AMENDMENT #1 TO RECEIVABLES SALE AND CONTRIBUTION AGREEMENT

Contract Categories: Business Finance - Contribution Agreements
EX-10.1 2 dex101.htm AMENDMENT NO. 1 TO THE RECEIVABLES SALE AND CONTRIBUTION AGREEMENT Amendment No. 1 to the Receivables Sale and Contribution Agreement

Exhibit 10.1

AMENDMENT #1 TO RECEIVABLES SALE AND CONTRIBUTION AGREEMENT

THIS AMENDMENT #1 RECEIVABLES SALE AND CONTRIBUTION AGREEMENT (this “Amendment”) is entered into as of August 29, 2008, by and between INTERNATIONAL PAPER COMPANY, a New York corporation (“IPCO”), and RED BIRD RECEIVABLES, LLC, a Delaware limited liability company formerly known as Red Bird Receivables, Inc. (“Buyer”), and pertains to the Receivables Sale and Contribution Agreement between IPCO and Buyer dated as of March 13, 2008 (the “Existing Agreement”). Capitalized terms used and not otherwise defined herein are used with the meanings attributed thereto in the Existing Agreement.

W I T N E S S E T H :

WHEREAS, the parties wish to modify the Existing Agreement to add Receivables originated by IPCO’s Honeywell International division of xpedx to the Receivables conveyed thereunder;

NOW, THEREFORE, in consideration of the premises and the mutual agreements herein contained, the parties hereto hereby agree as follows:

1. Amendment.
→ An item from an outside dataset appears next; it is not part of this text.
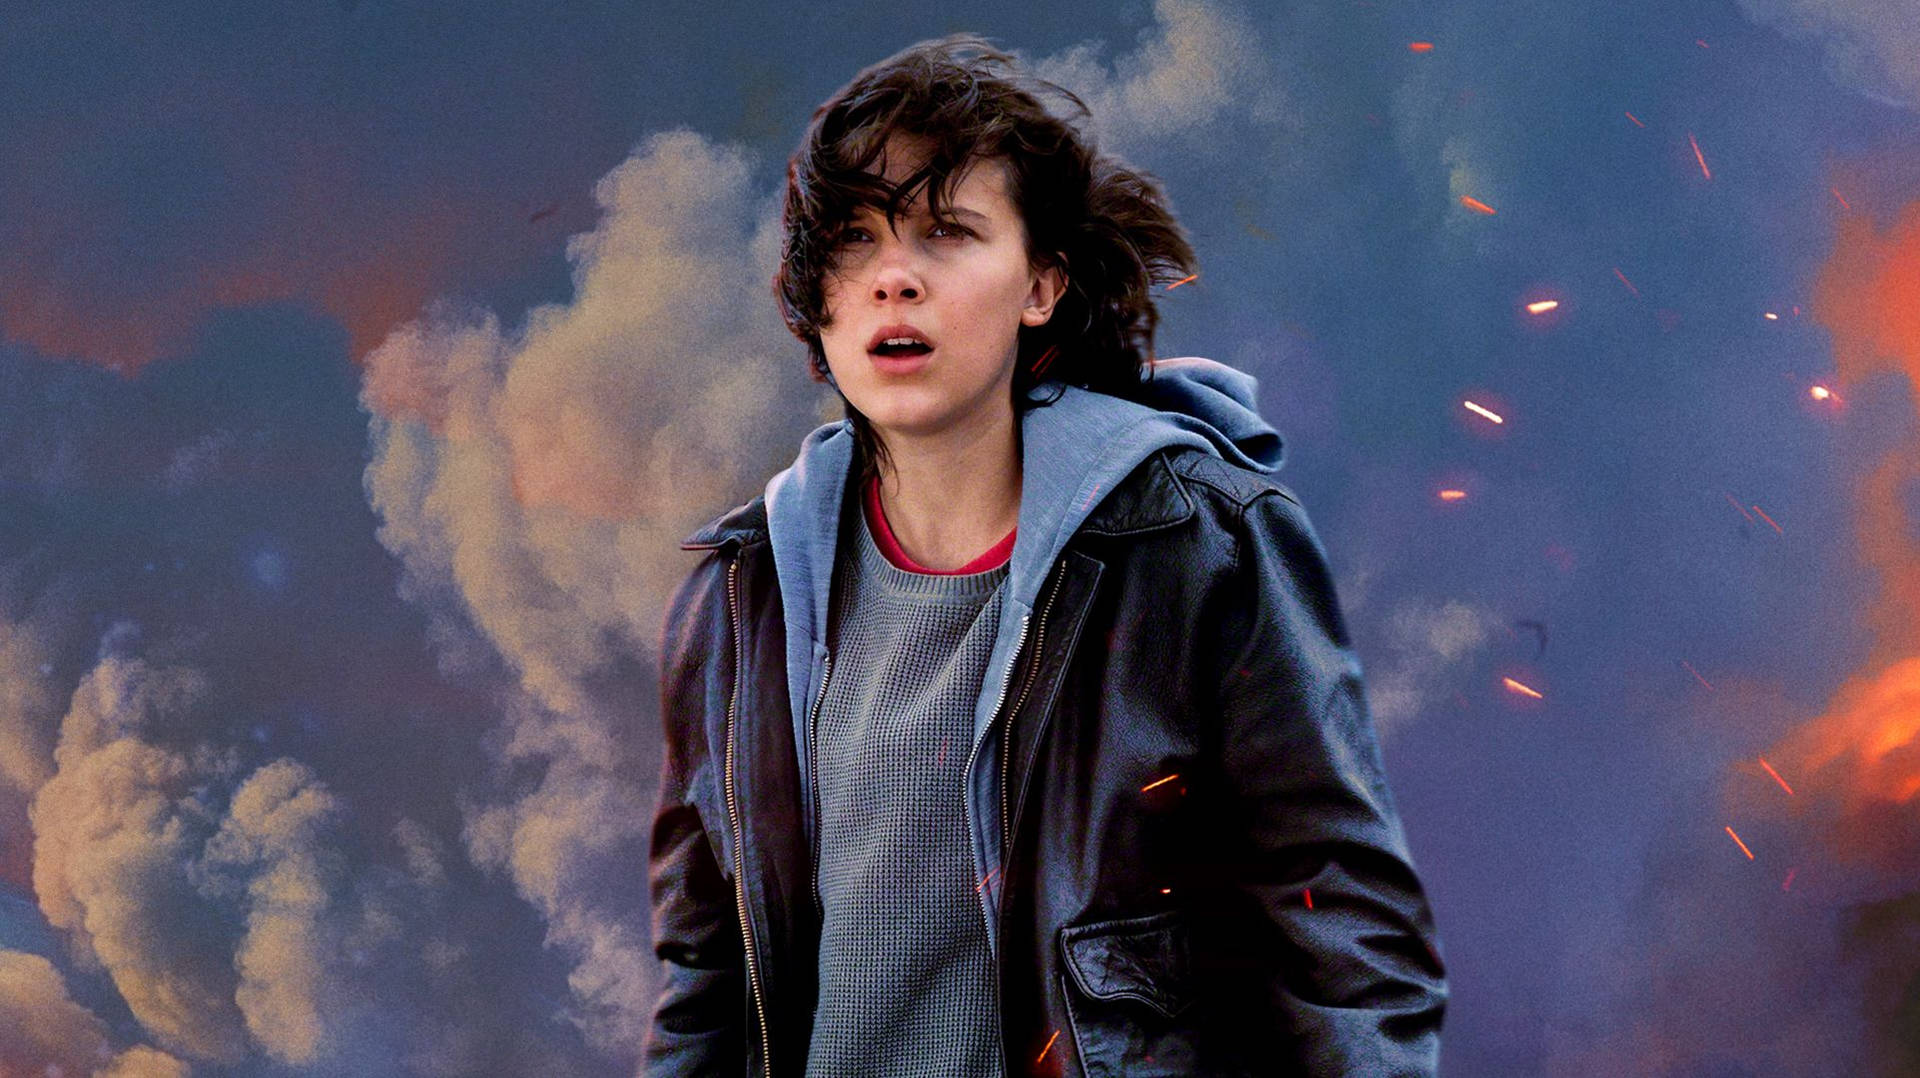 Millie Bobby Brown In Godzilla: King Of The Monsters Background

Effective as of September 1, 2008, Schedule B to the Existing Agreement is hereby amended and restated in its entirety to read as set forth in Annex I hereto.

2. Representations.

2.1. IPCO hereby represents and warrants to the other parties hereto that it has duly authorized, executed and delivered this Amendment and that this Amendment constitutes, a legal, valid and binding obligation of IPCO, enforceable in accordance with its terms (except as enforceability may be limited by applicable bankruptcy, insolvency, or similar laws affecting the enforcement of creditors’ rights generally or by equitable principles relating to enforceability).
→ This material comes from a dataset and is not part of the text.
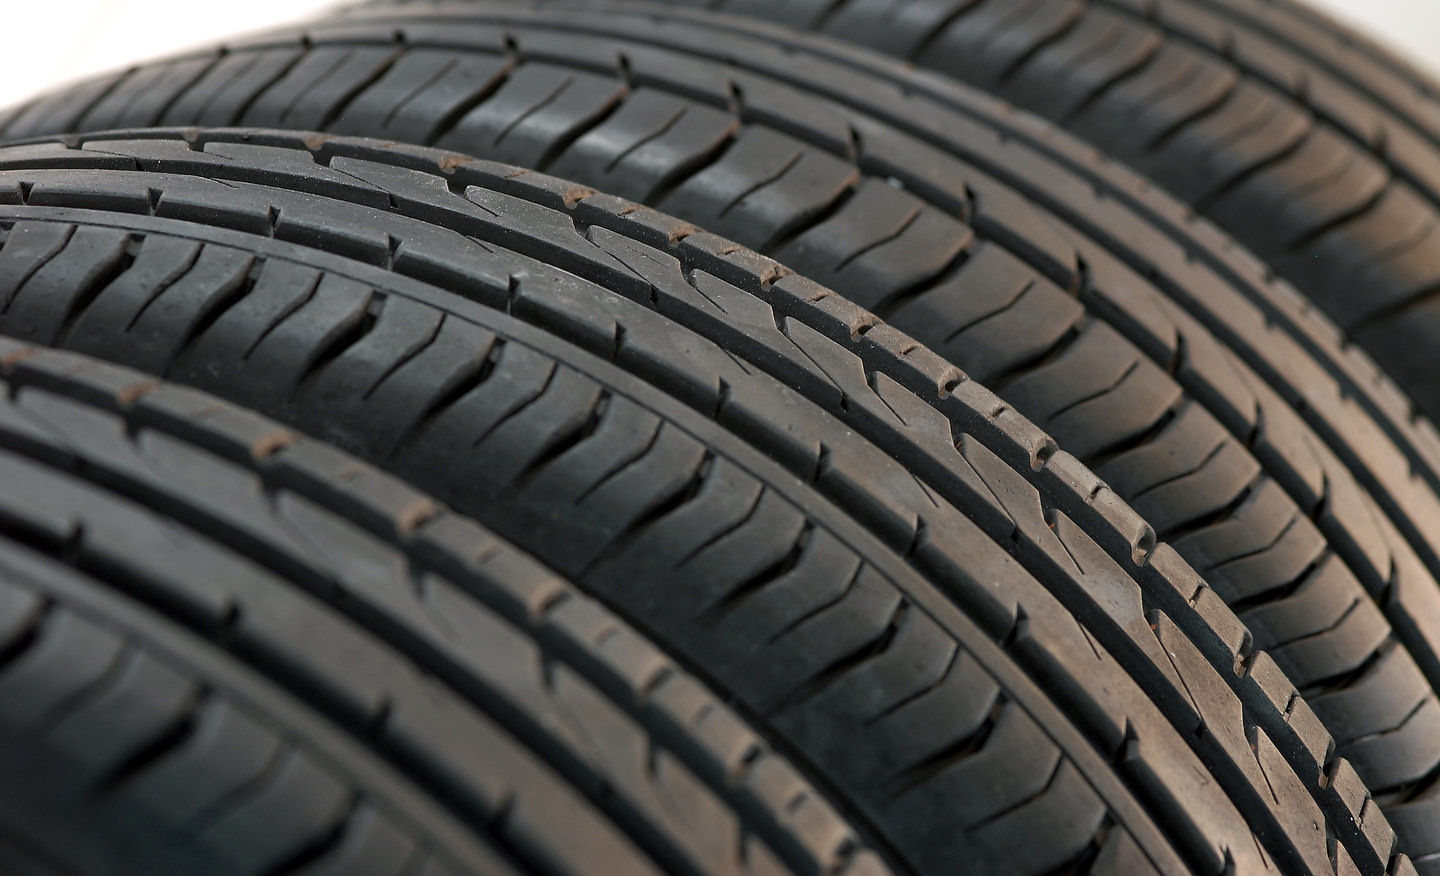 Three tips for choosing the right summer tires

2.2. IPCO further represents and warrants to the other parties hereto that, after giving effect to this Amendment, each of its representations and warranties set forth in Section 2.1 of the Existing Agreement is true and correct as of the date hereof.

3. Condition Precedent. This Amendment shall become effective as of September 1, 2008 upon the Administrative Agent’s receipt of a counterpart hereof duly executed by each of the parties hereto and consented to by the Administrative Agent.

4. Miscellaneous.

4.1. Except as expressly amended hereby, the Existing Agreement shall remain unaltered and in full force and effect, and each of the parties hereto ratifies and confirms each of the Transaction Documents to which it is a party.
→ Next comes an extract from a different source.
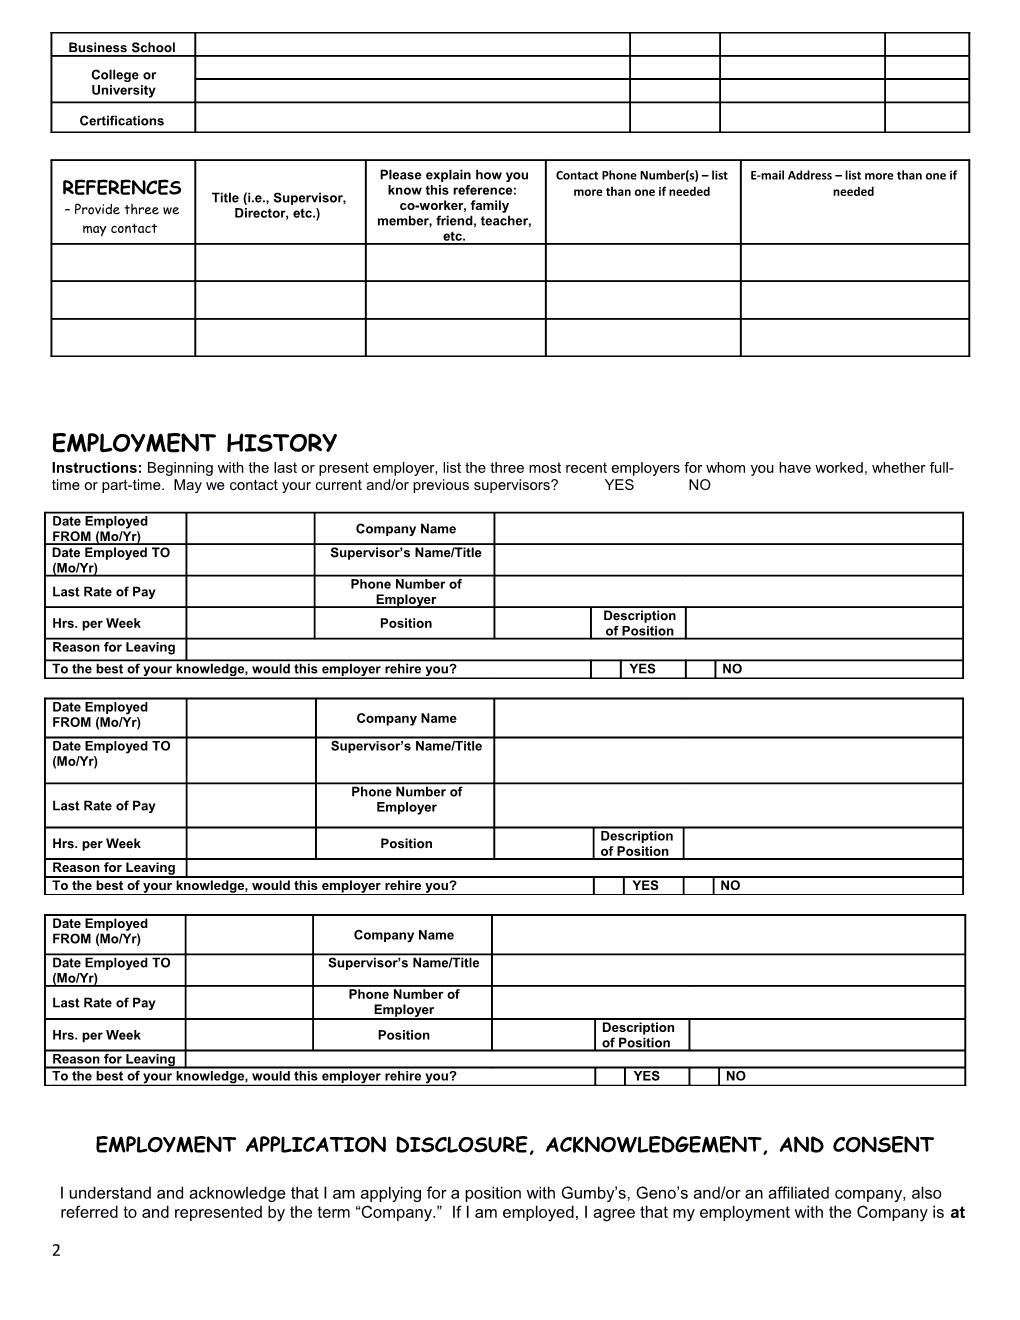 Application for Employment 10-24-07

4.2. THIS AMENDMENT SHALL BE GOVERNED AND CONSTRUED IN ACCORDANCE WITH THE LAWS OF THE STATE OF NEW YORK, WITHOUT REGARD TO THE PRINCIPLES OF CONFLICTS OF LAWS THEREOF OTHER THAN SECTION 5-1401 OF THE GENERAL OBLIGATIONS LAW.


4.3. This Amendment may be executed in any number of counterparts and by the different parties hereto in separate counterparts, each of which when so executed shall be deemed to be an original and all of which when taken together shall constitute one and the same amendment.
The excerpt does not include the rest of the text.